Valeri A, Barisoni L, Appel G B, Seigle R, D'Agati V
Department of Medicine, Columbia University, College of Physicians and Surgeons, New York, New York, USA.
Kidney Int. 1996 Nov;50(5):1734-46. doi: 10.1038/ki.1996.493.
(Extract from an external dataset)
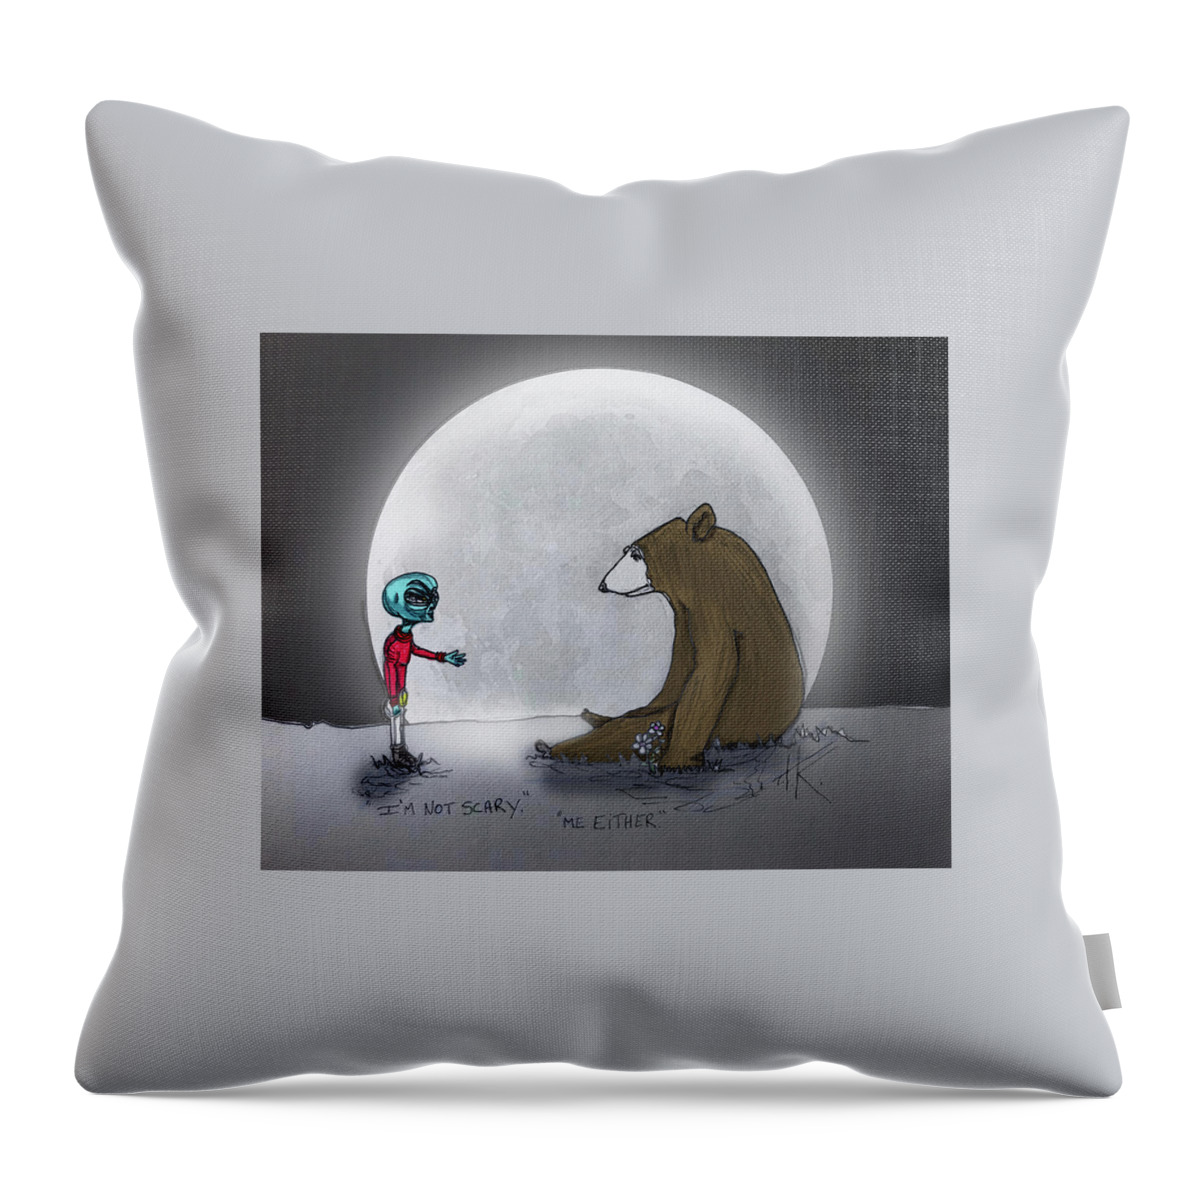 Bear Throw Pillow featuring the drawing Not Scary by Similar Alien

A review of all native kidney biopsies at our center from 1974 to 1993 identified 43 cases of idiopathic focal segmental glomerulosclerosis (FSGS) with predominantly collapsing features and lacking evidence of HIV-1 infection or intravenous drug use. No case was identified before 1979 and the incidence of this entity has progressively increased over the past two decades. Compared to 50 age-matched controls of idiopathic FSGS with typical perihilar scars, the group of idiopathic collapsing FSGS displayed black racial predominance, a higher serum creatinine and more severe features of nephrotic syndrome at biopsy. Morphologic features of visceral epithelial cell hypertrophy and hyperplasia, tubular microcysts, tubular epithelial degenerative and regenerative features and interstitial edema were more prevalent and severe in collapsing FSGS. Median time to ESRD was rapid in collapsing FSGS versus controls (13.0 months vs. 62.5 months, P < 0.05). Correlates of progression to ESRD included a higher initial serum creatinine and failure to undergo remission of proteinuria. Both glomerulosclerosis and certain features of tubular damage were independent predictors of the level of renal function at time of biopsy, but not of the rate of progression of renal insufficiency. Although three patients had partial or complete spontaneous remissions, none of 26 patients treated with steroids alone responded. Idiopathic collapsing FSGS is a variant of FSGS with increasing incidence, distinct clinicopathologic features, black racial predominance, a rapidly progressive course and relative steroid resistance.
对我们中心1974年至1993年期间所有原发性肾活检进行回顾,发现43例特发性局灶节段性肾小球硬化(FSGS),主要表现为塌陷特征,且无HIV-1感染或静脉吸毒证据。1979年之前未发现病例,在过去二十年中该疾病的发病率逐渐上升。与50例年龄匹配的具有典型肾门周围瘢痕的特发性FSGS对照相比,特发性塌陷性FSGS组以黑人为主,血清肌酐更高,活检时肾病综合征特征更严重。在塌陷性FSGS中,脏层上皮细胞肥大和增生、肾小管微囊肿、肾小管上皮变性和再生特征以及间质水肿的形态学特征更为普遍和严重。与对照组相比,塌陷性FSGS进展至终末期肾病(ESRD)的中位时间较快(13.0个月对62.5个月,P<0.05)。进展至ESRD的相关因素包括初始血清肌酐较高和蛋白尿未缓解。肾小球硬化和肾小管损伤的某些特征都是活检时肾功能水平的独立预测因素,但不是肾功能不全进展速度的预测因素。虽然3例患者有部分或完全自发缓解,但26例仅接受类固醇治疗的患者均无反应。特发性塌陷性FSGS是FSGS的一种变体,发病率增加,具有独特的临床病理特征,以黑人为主,病程快速进展且相对类固醇抵抗。